What an inflation targeting central bank would say
The RBA just left rates unchanged and they said:
Inflation is gradually moderating, given the earlier decline in energy and commodity prices, and the effects of weaker demand on prices and labour costs. Given the current prospects for demand and output, this moderation should continue over the year ahead. The higher exchange rate over recent months will assist this moderation, at the margin.
So the higher exchange rate is helping them moderate inflation.
Now our Reserve Bank keeps saying that they are worried that the exchange rate will hurt growth. For this to fit inside our monetary policy story they must be concerned that, if they don’t cut the interest rate, inflation will fall below the target band. So why don’t they just say that?

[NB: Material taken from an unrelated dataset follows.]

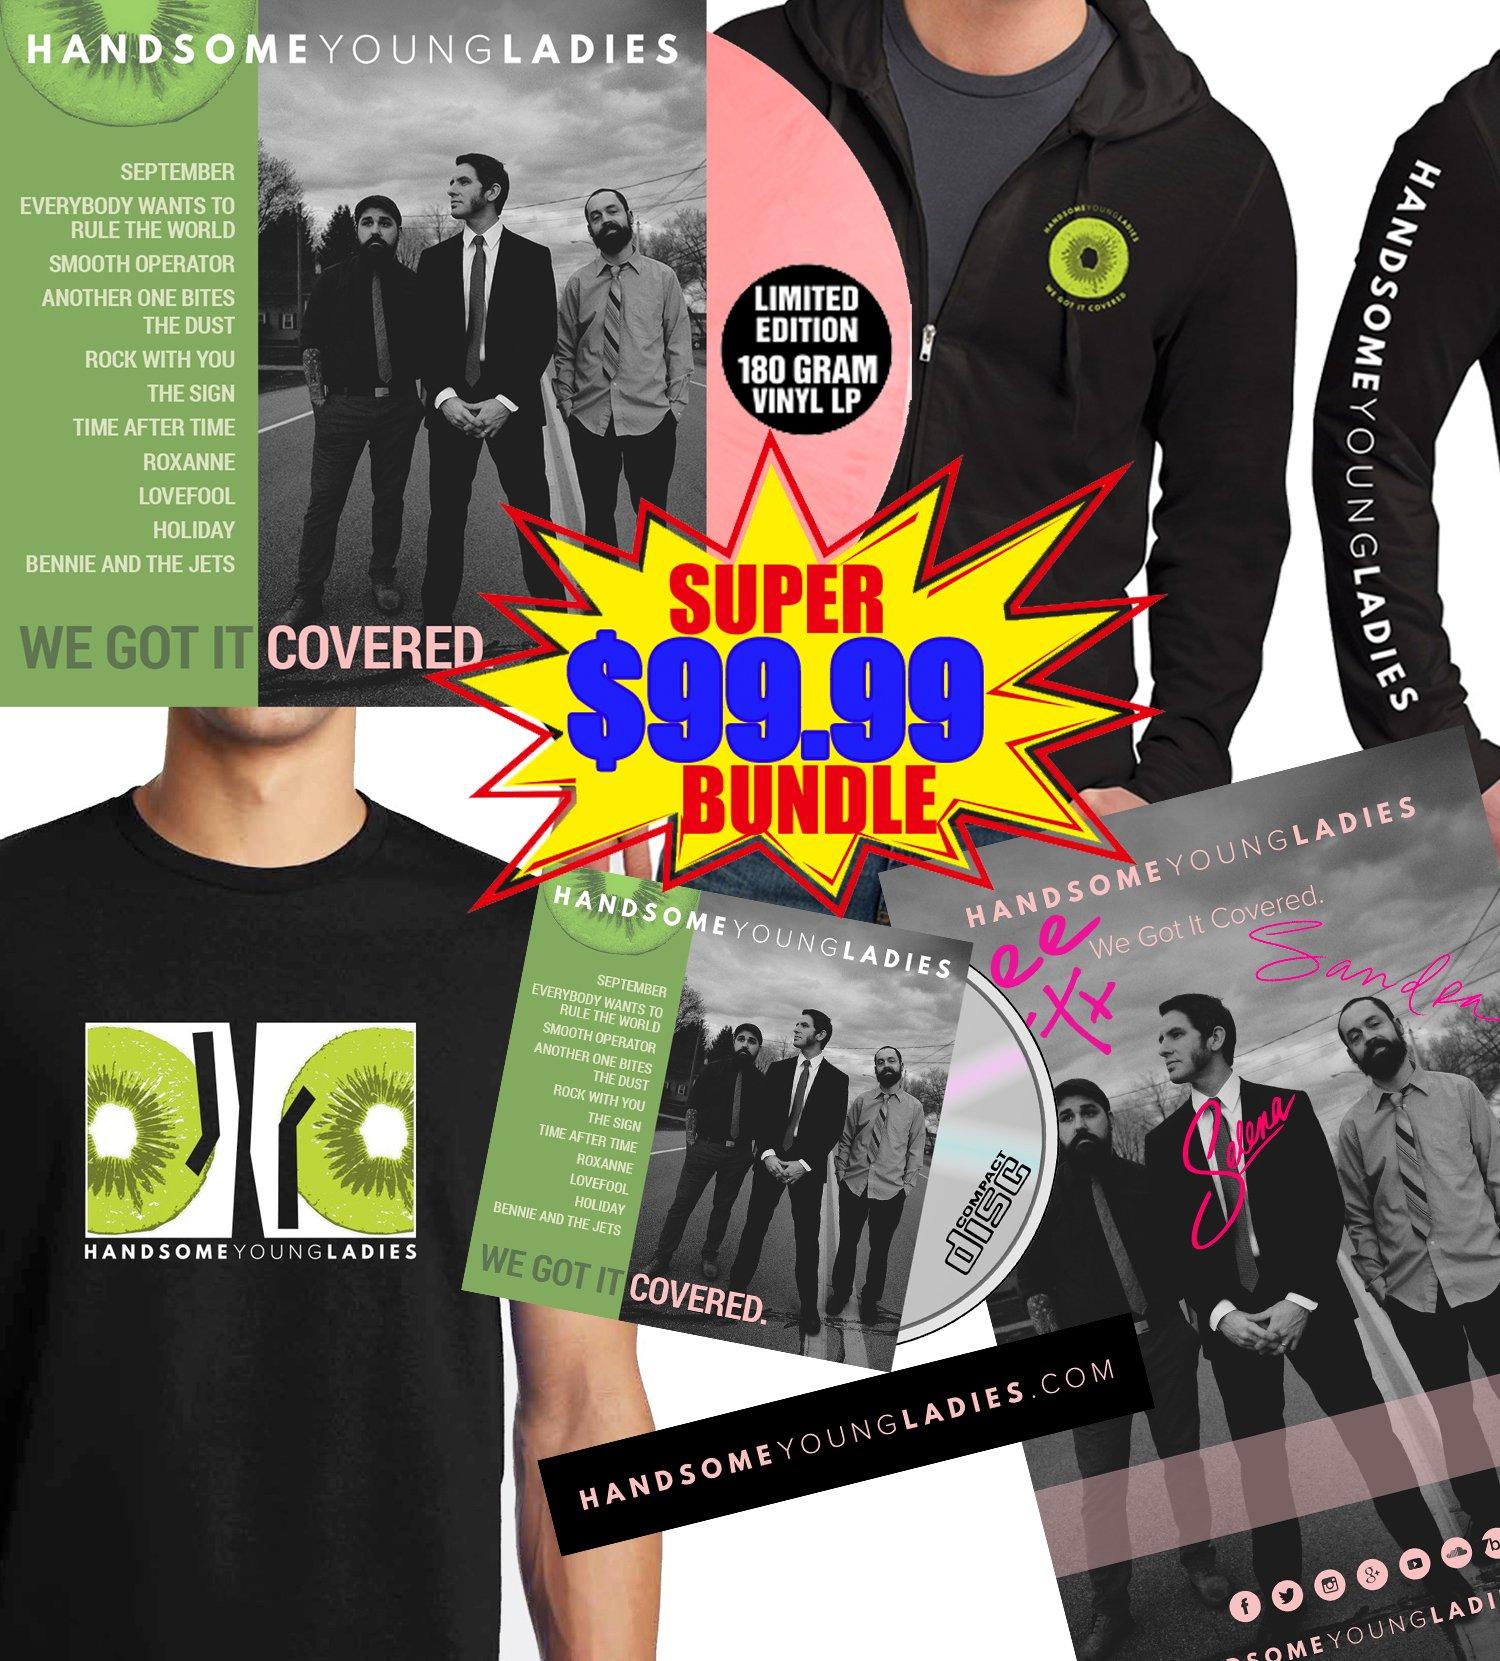 Image of PRE-ORDER: SUPER BUNDLE (Signed 11x17 Poster + 180 Gram Vinyl LP + CD + Hoodie + T-Shirt + Sticker)

Inflation is gradually moderating there is signs from US and UK markets , and Asia markets where also showing some moderated levels in trading and of course this moderation will continue for some years and will bring up economy in to a great position.. in coming years.
@Finsofts
But inflation is endogenous to the behaviour of the central bank – it is still their focus. If inflation is not an issue (if it is not going to be too low or too high) then the central bank has acted sufficiently to stabilise economic activity – there is no need to focus on output independently.
Presumably because they’re not purely inflation-targeting. There’s room in the PTA for a growth story, too.
@fibby
Given that there is a direct short-term trade-off between growth and inflation targeting inflation is the same as stabilising short-term growth – this of course presumes that the only stabilisation role for monetary policy is the face of “demand side” shocks.
The only growth story that matters is short-term growth (as the nominal shock associated with printing money doesn’t influence long-run activity), and this is implicitly targeted when sticking to an inflation target.